Sent from Erics iPhone!   (2) Nikon D300 50mm 1.4, 17-55 2.8, 70-200 2.8VRII, 24-70 2.8, 85mm 1.4, (2) SB900


----------



## 480sparky (Jun 3, 2011)

GIMP is probably the most common freeware.


----------



## 2WheelPhoto (Jun 3, 2011)

EPPhoto said:


> There are TONS of other programs, some web free. Photoshop is just kind of an industry standard. Do a 5 sec google search and you'll find plenty of other programs. *I use Lightroom 3 WAY more than Photoshop*.
> 
> Sent from Erics iPhone! (2) Nikon D300 50mm 1.4, 17-55 2.8, 70-200 2.8VRII, 24-70 2.8, 85mm 1.4, (2) SB900


 
+1


----------



## KmH (Jun 3, 2011)

Are your photos in the JPEG, TIFF, or Raw file format?

GIMP does not include a Raw converter, though there are many free ones online.


There are 3 versions of Photoshop:
for the regular consumer/hobbyist there is Photoshop Elements, about $70.
for professionals, and the industry standard, there is Photoshop CS5 ($699, retail) and CS5 Extended ($999, retail)
for professionals that make a lot of images and have a large database of images to manage Adobe developed Photoshiop Lightroom 3. Lightroom is designed to be a compliment to CS5 and CS5 Extended, however many use Lightroom as a standalone image editing application.
Adobe offers students substantial discounts (up to 80% off) in their Education Store: Adobe.com Site Requirements

Apple makes a Lightroom equivilent called Aperture.


----------



## table1349 (Jun 3, 2011)

Likal said:


> Is there any other way to edit my photos, without Photoshop? Or is Photoshop the best way to edit the photos?


 
Yes photoshop is the best way, however like others have pointed out it is not the only way.  It all depends on your needs.  The Bugatti Veyron is probably the best car in the world, but do you really need a 1.7 million dollar car to go to work and back or to the grocery store?  First define what your needs are and what you intend to do with your photographs and then check out the software that meets those needs.  There is software out there that can meet almost anyone's needs at a price they can afford.


----------



## Likal (Jun 4, 2011)

gryphonslair99 said:


> Likal said:
> 
> 
> > Is there any other way to edit my photos, without Photoshop? Or is Photoshop the best way to edit the photos?
> ...


 

Can you tell me a bit about how Photoshop is the best? What is it different from other programs? Just interested.
But in general, you're saying that I can get my photos edited well even without Photoshop, right?


----------



## Likal (Jun 4, 2011)

KmH said:


> Are your photos in the JPEG, TIFF, or Raw file format?
> 
> GIMP does not include a Raw converter, though there are many free ones online.
> 
> ...




My photos are in JPEG. So do you recommend on GIMP? And are the free programs online good?


----------



## Likal (Jun 4, 2011)

Thanks for all those who replied: EPPhoto, 480sparky, 2WheelPhoto, KmH and gryphonslair99.


----------



## ann (Jun 4, 2011)

why not start with the program that came with your camera? Then when you out grow that there are other programs from free to less expensive than Photoshop.  Topaz Labs make a program specially for editing jpegs.  Free trial downloads are available for most editing software. Download some, and see which fits your needs and computer skills.


----------



## table1349 (Jun 4, 2011)

Likal said:


> gryphonslair99 said:
> 
> 
> > Likal said:
> ...



Sure, be glad to.  Photoshop is the industry standard for photo editing/manipulation.  It didn't get that way because of a catchy name or fancy start up graphics, but because it is probably the most complete package on the market.  Both out of the box and external support wise.  There are no major editing nor for that matter minor editing functions not available in photoshop.  It has the largest support base for additional plugins on the market.  Most other major photo editing programs are written to use photoshop plugins.  That is comparable to Chevy, Chrysler, Honda, Toyota etc building their vehicles to use major Ford components. Hardware manufactures such as Wacom design their integration software for things like their tablets to fully and easily function with Photoshop and other Adobe products.  

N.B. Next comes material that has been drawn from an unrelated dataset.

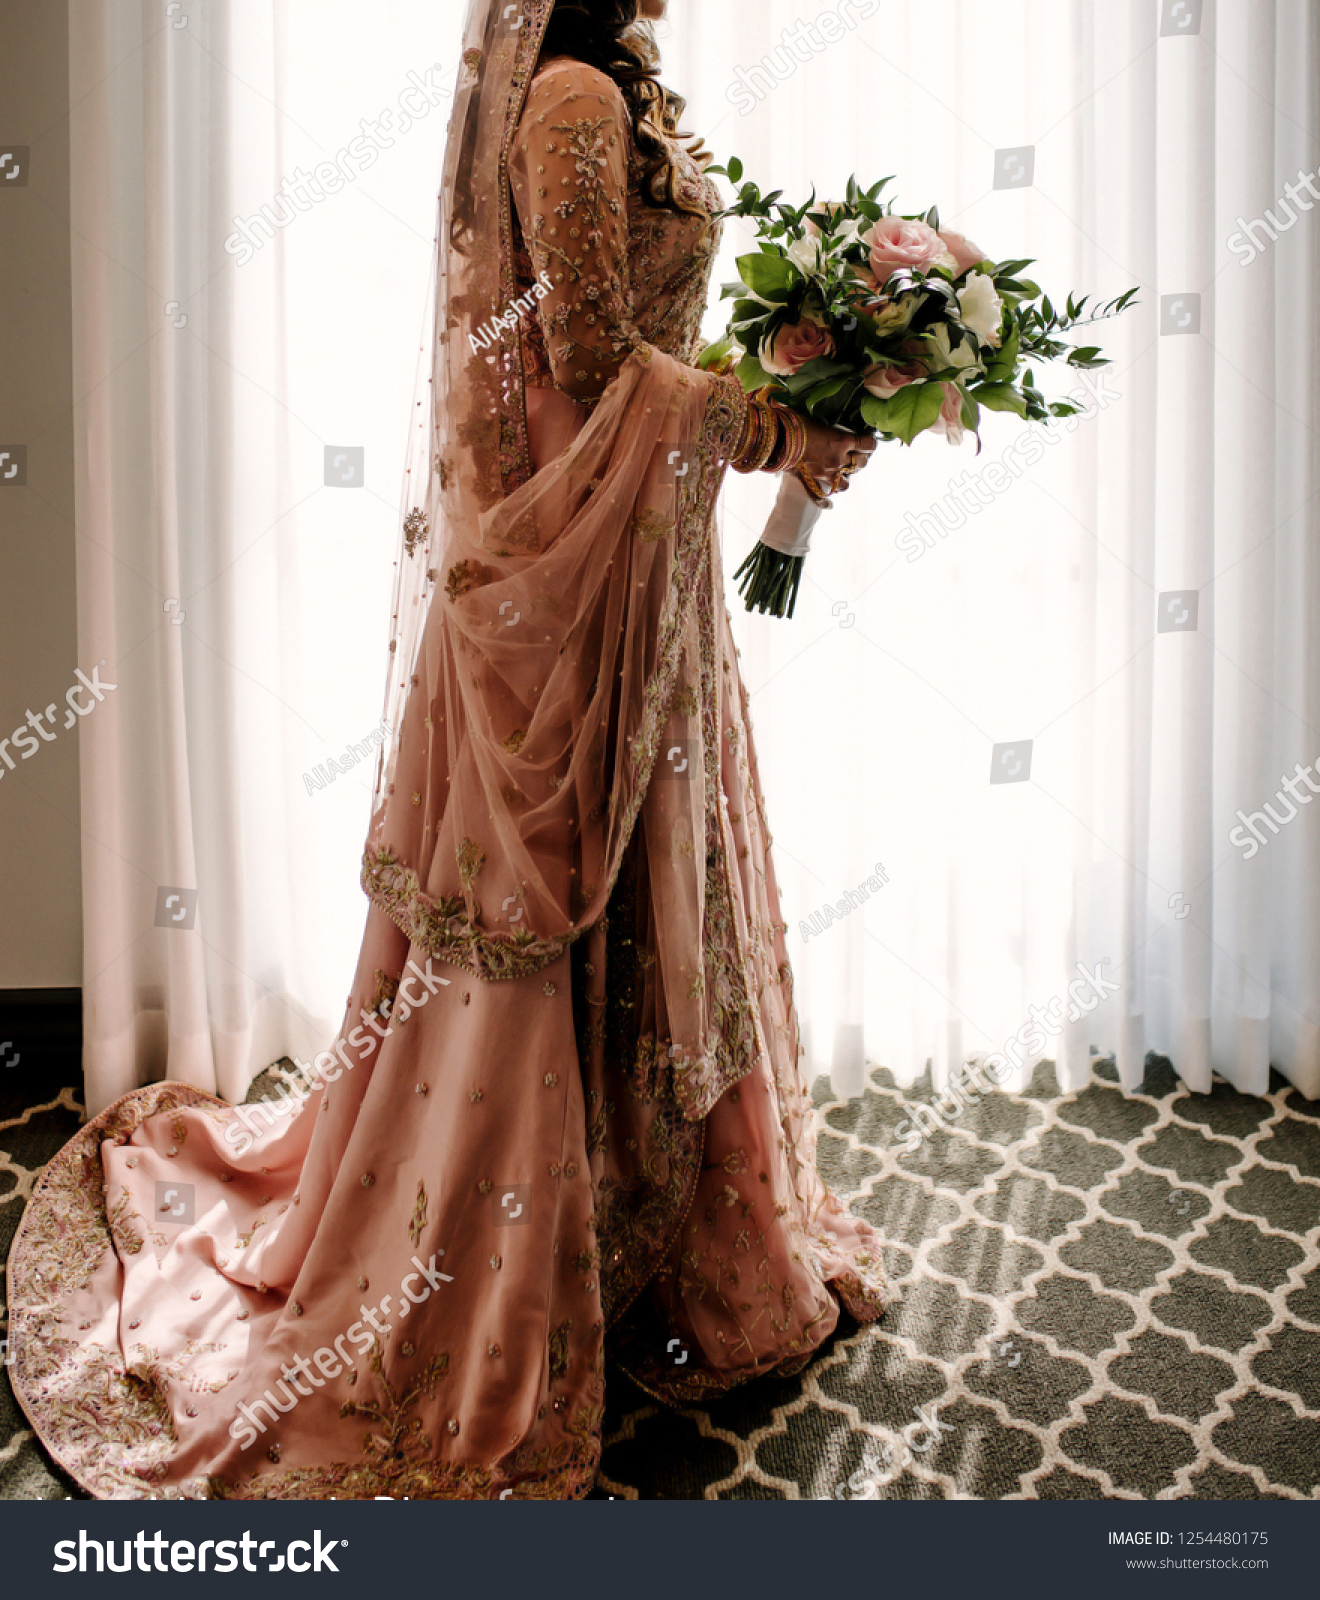 Pakistani Indian bride holding the bouquet and wearing wedding Lehnga skirts dress #1254480175

Most of the other photo editing programs are in many way photoshop clones.  Gimp for example is often listed as the poor man's photoshop.  The GUI is very similar and the functionality is quite similar.  There are drawbacks however.  Corel Paint Shop Pro is another of the popular editing choices.  Very photoshop like, uses photoshop plugins, and has much of the photoshop functionality.  It also has it's fluff addon's such as tubes.  Tubes allows you to place pre-selected images such as flowers, leaves, and other items on a photo for fun.  Not a real sought after serious function but one of the little things that they  use to advertise their programs and people use to make fun frames etc.  The same thing can be done in Photoshop with more control than tubes offers but is not in a little side package.  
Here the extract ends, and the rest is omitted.